APLAY: a musician's .wav player

Aplay is a file for playing a cd format .wav file to a sound card. You can get a copy here . Here are some examples of how it is used.

	aplay -l4  foo.wav 		; loop the song 4 times
	aplay -l0  foo.wav 		; loop the song forever (until killed or ^c)
	aplay -b 10.2 -e 20 foo.wav	; play from 10.2 seconds until 20 seconds
	aplay -t3 foo.wav		; transpose the song up three half steps
	aplay -s.8 foo.wav		; play at 80% speed (normal pitch)
	aplay -v foo.wav		; print out running time to stdout.
Aplay nicely solves the problem where your band wants to play a tricky cover tune in a different key than your reference CD recording. No problem. If the original was in D and your singer wants it in C, just do "aplay -t-2". If you need to work on that really tricky bass lick in measure five, then find the lick with "aplay -v" and then loop it at half time with "aplay -b -e -s0.5 -l0 -t-2 foo.wav". As you get some skill, raise the speed with "-t.6", "-t.7", "t.8"... until you get to full speed.

Aplay is released under GNU copyleft. Please drop me a note if you improve it or find it useful!

Command line options

usage: aplay [] 

	[-A ] "enable fast attack slow decay AGC"

		I added this to get a stable playback from a 
		recording with lots of fading.  Produces a pretty
		level, high volume output no matter how the input
		amplitude varies.

	[-b ]  /* time to start playing */
	[-e ]    /* time to stop playing */
	[-k ] "karaoke mode" 

		The -k option creates a mono signal from 
                left+gain*right.  If gain is -1, then on many
		pop recordings, the vocalist will be cancelled
		out, leaving just the instruments.  YMMV.

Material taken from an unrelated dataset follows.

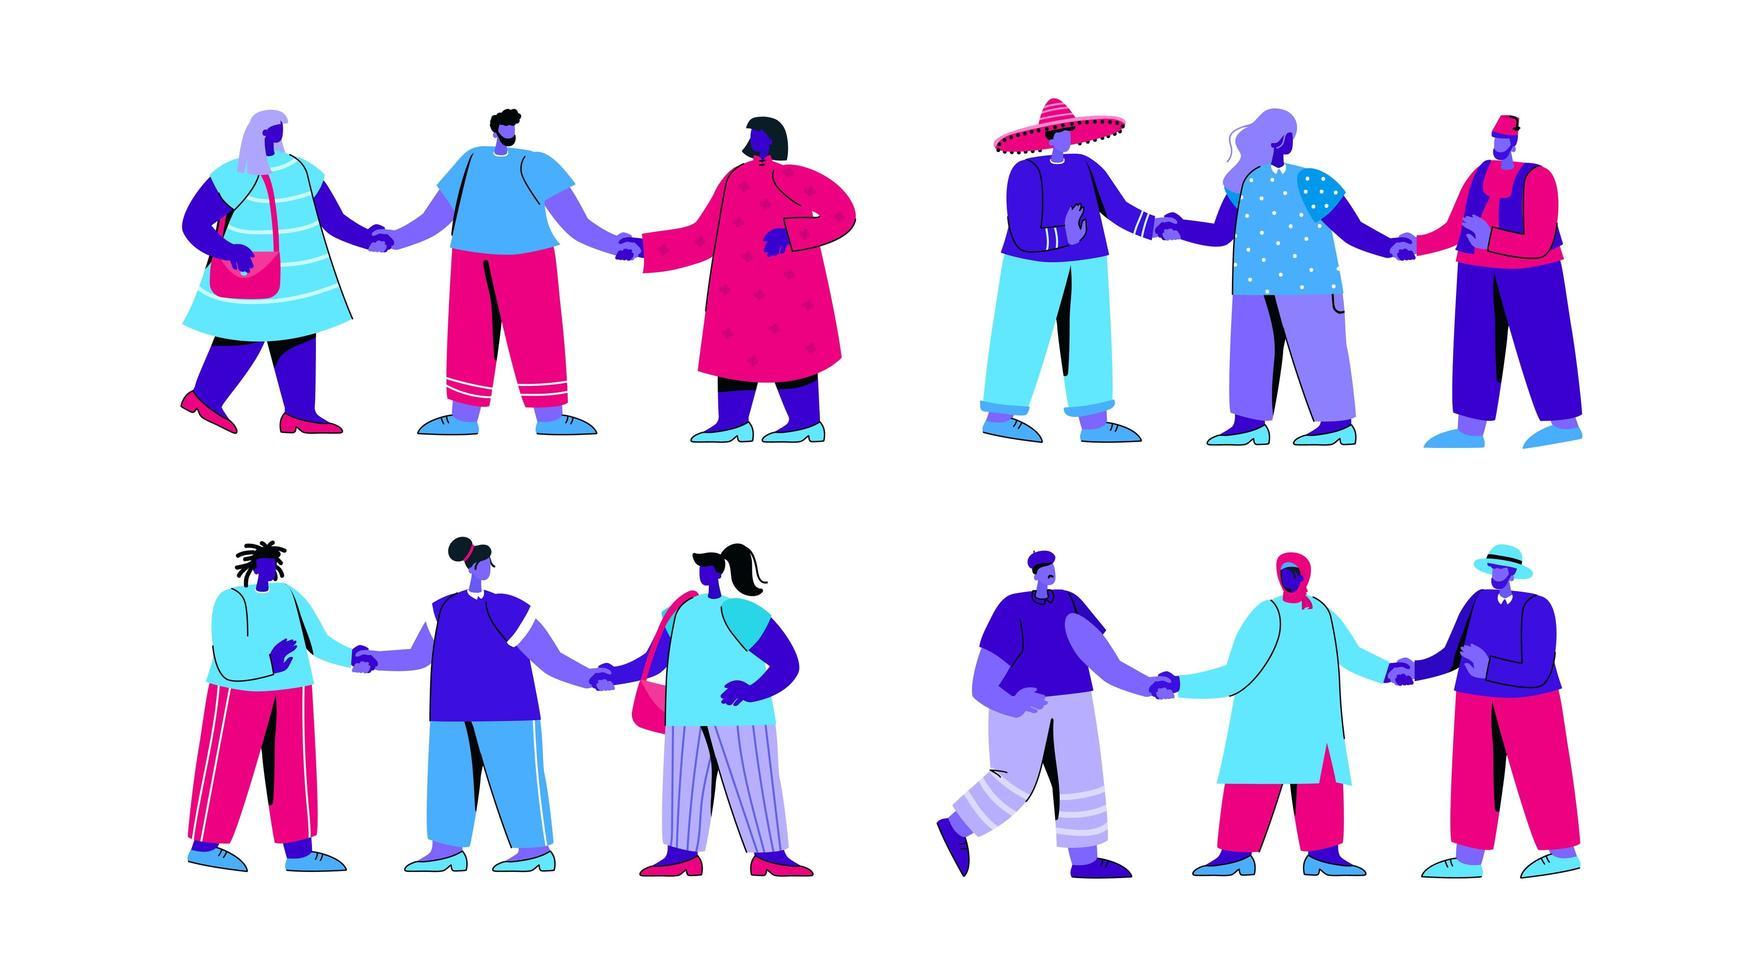 uppsättning olika grupper av män och kvinnor vektor
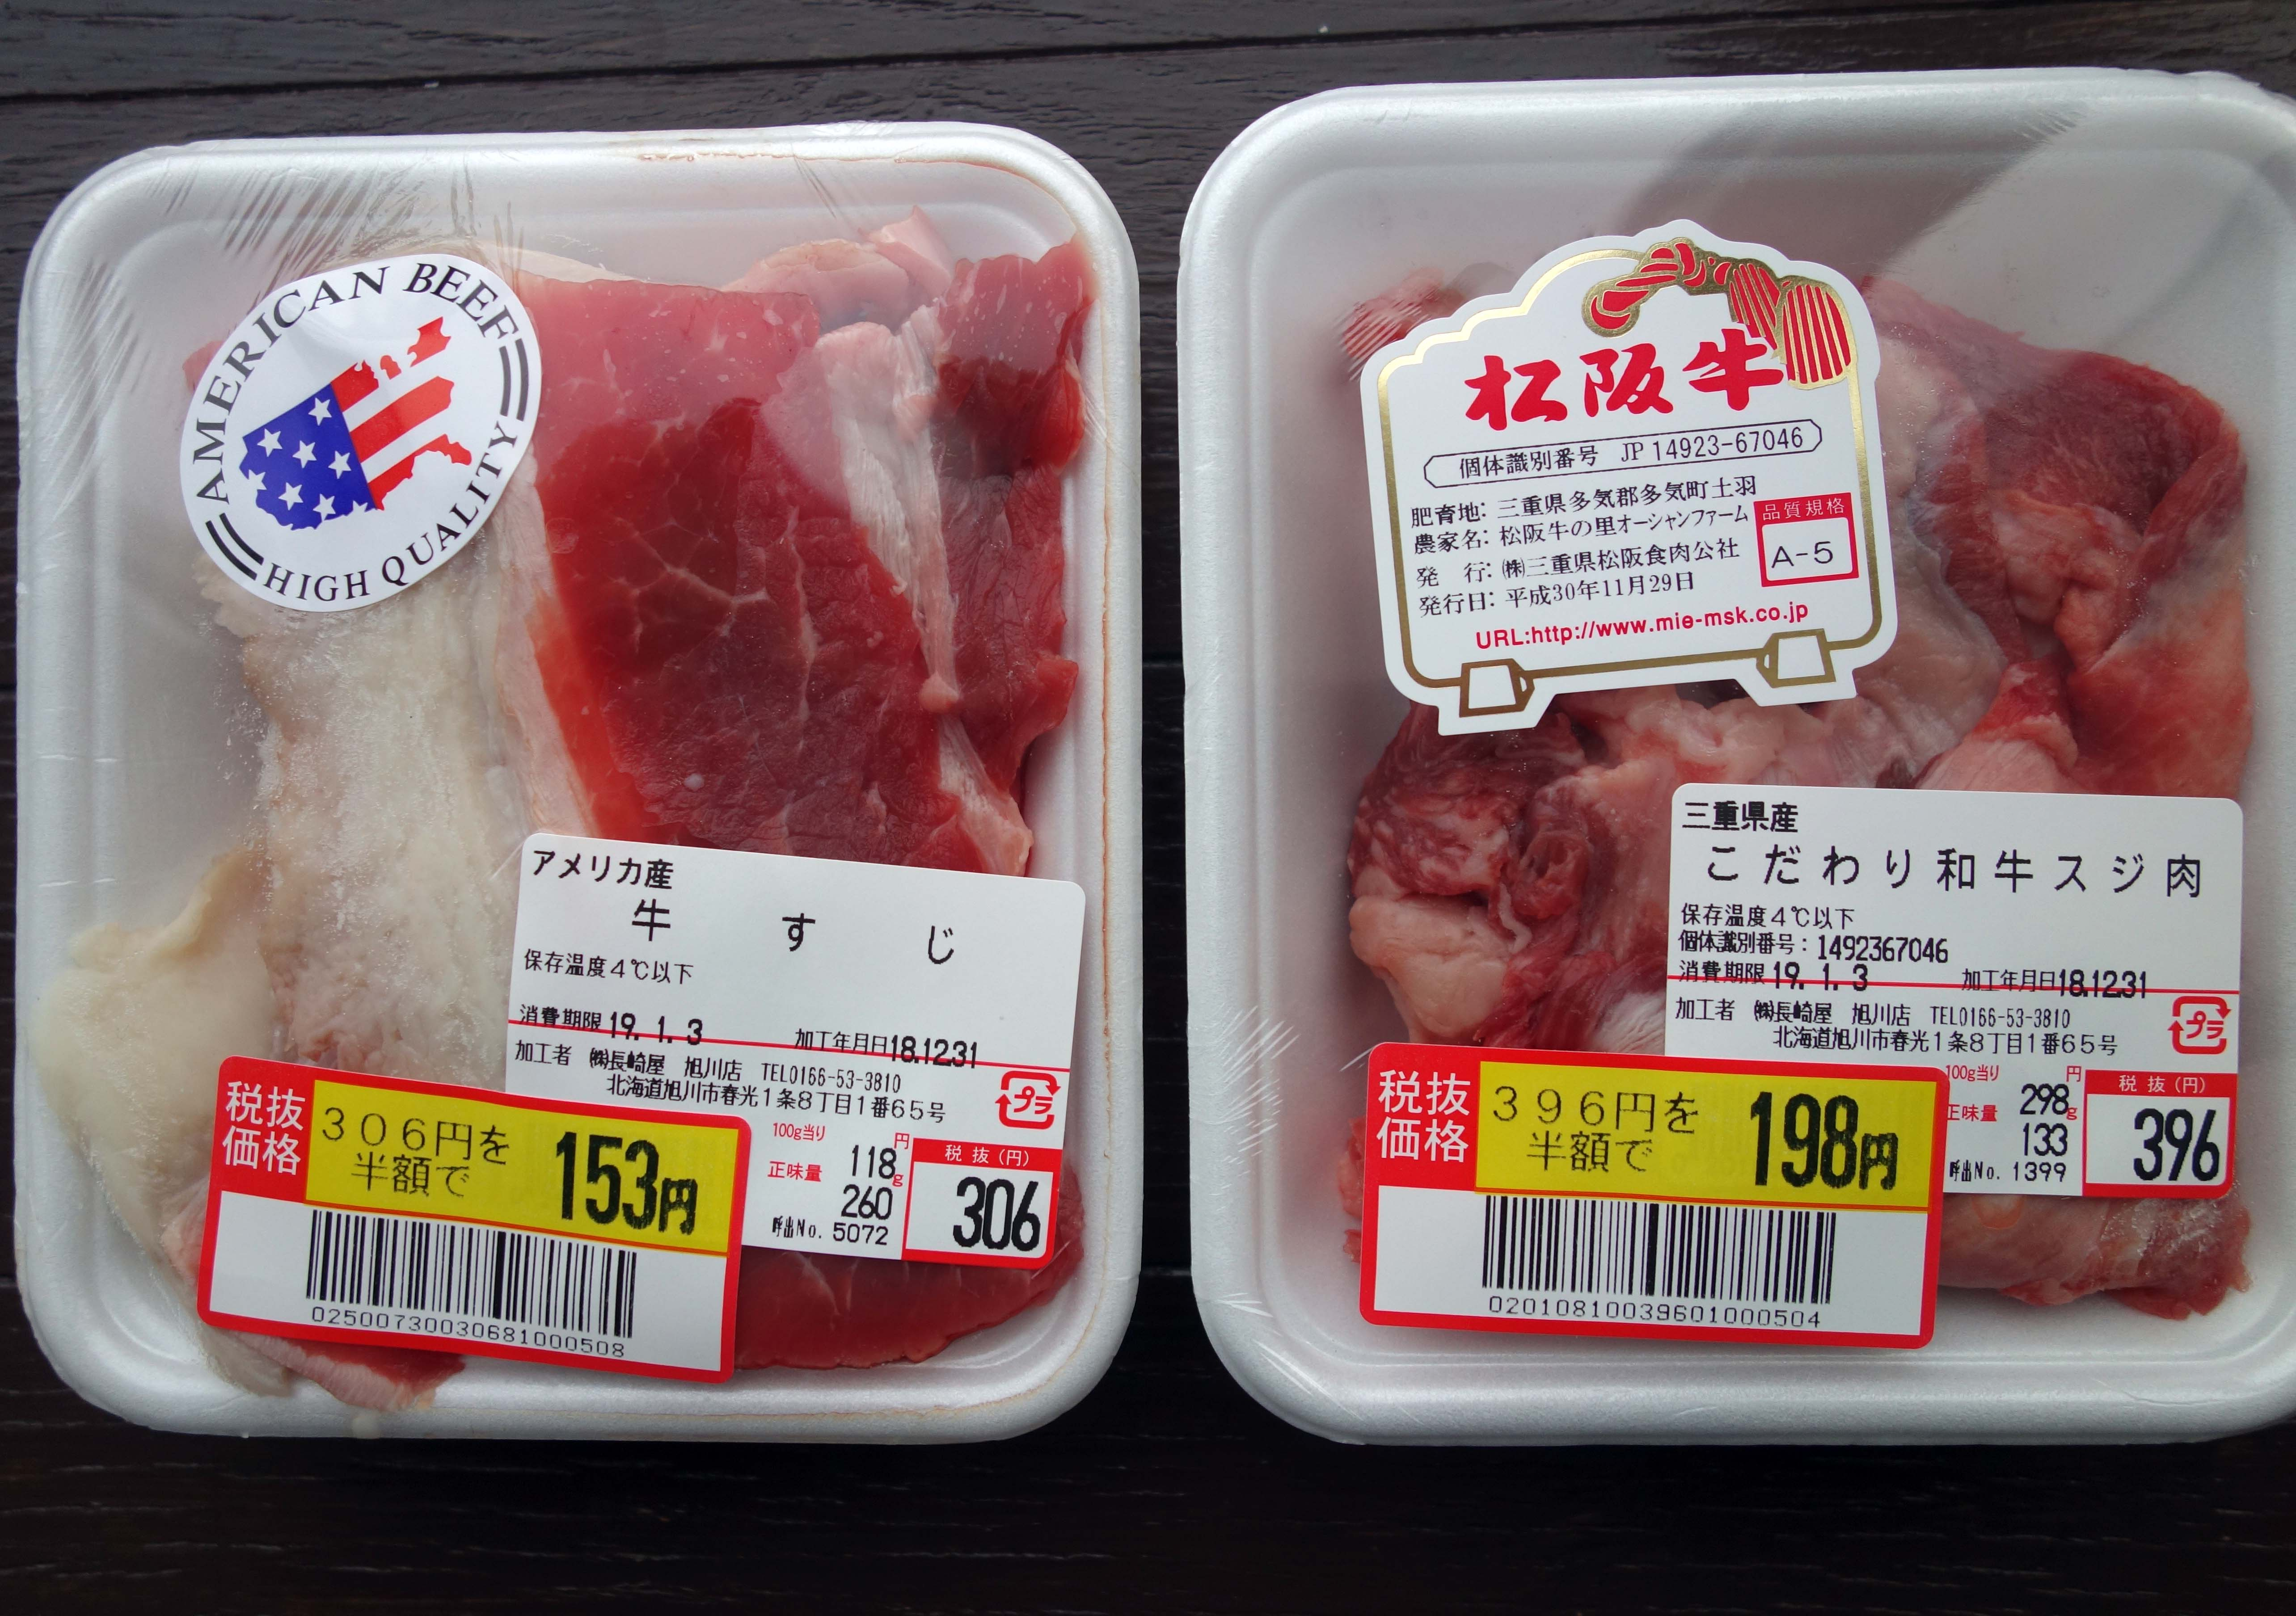 A5ランク松阪牛の牛すじがなんと198円!!アメリカ産牛すじ食べ比べてみた(牛すじ煮込み)

	[-l ] "loop the song" (0=infinite)
	[-n ] "8, or 16 bits"
	[-o ]
	[-p ] "shift pitch by factor"

		For example, -p1.059 will shift the pitch by about one
                half step.  For musical shifts, use -t, but for correcting
                a slightly slow or fast cassette tape recording, use -p.

	[-r ] "sample rate"
	[-s ] "play at speed"
	[-t ] "transpose +/- n half steps"
	[-M] "play mono (stereo is default)"
	[-S] "play stereo (stereo is default)"
	[-v] "verbose mode"

		-v prints out a running time so you can later on do accurate loops
		with -b and -e.

	[-w ] "pitch shift window size"

		joggles the internal pitch shift algorithm.  The window is
		automatically computed to my taste, but different material
		may sound better with a different size.  Experiment.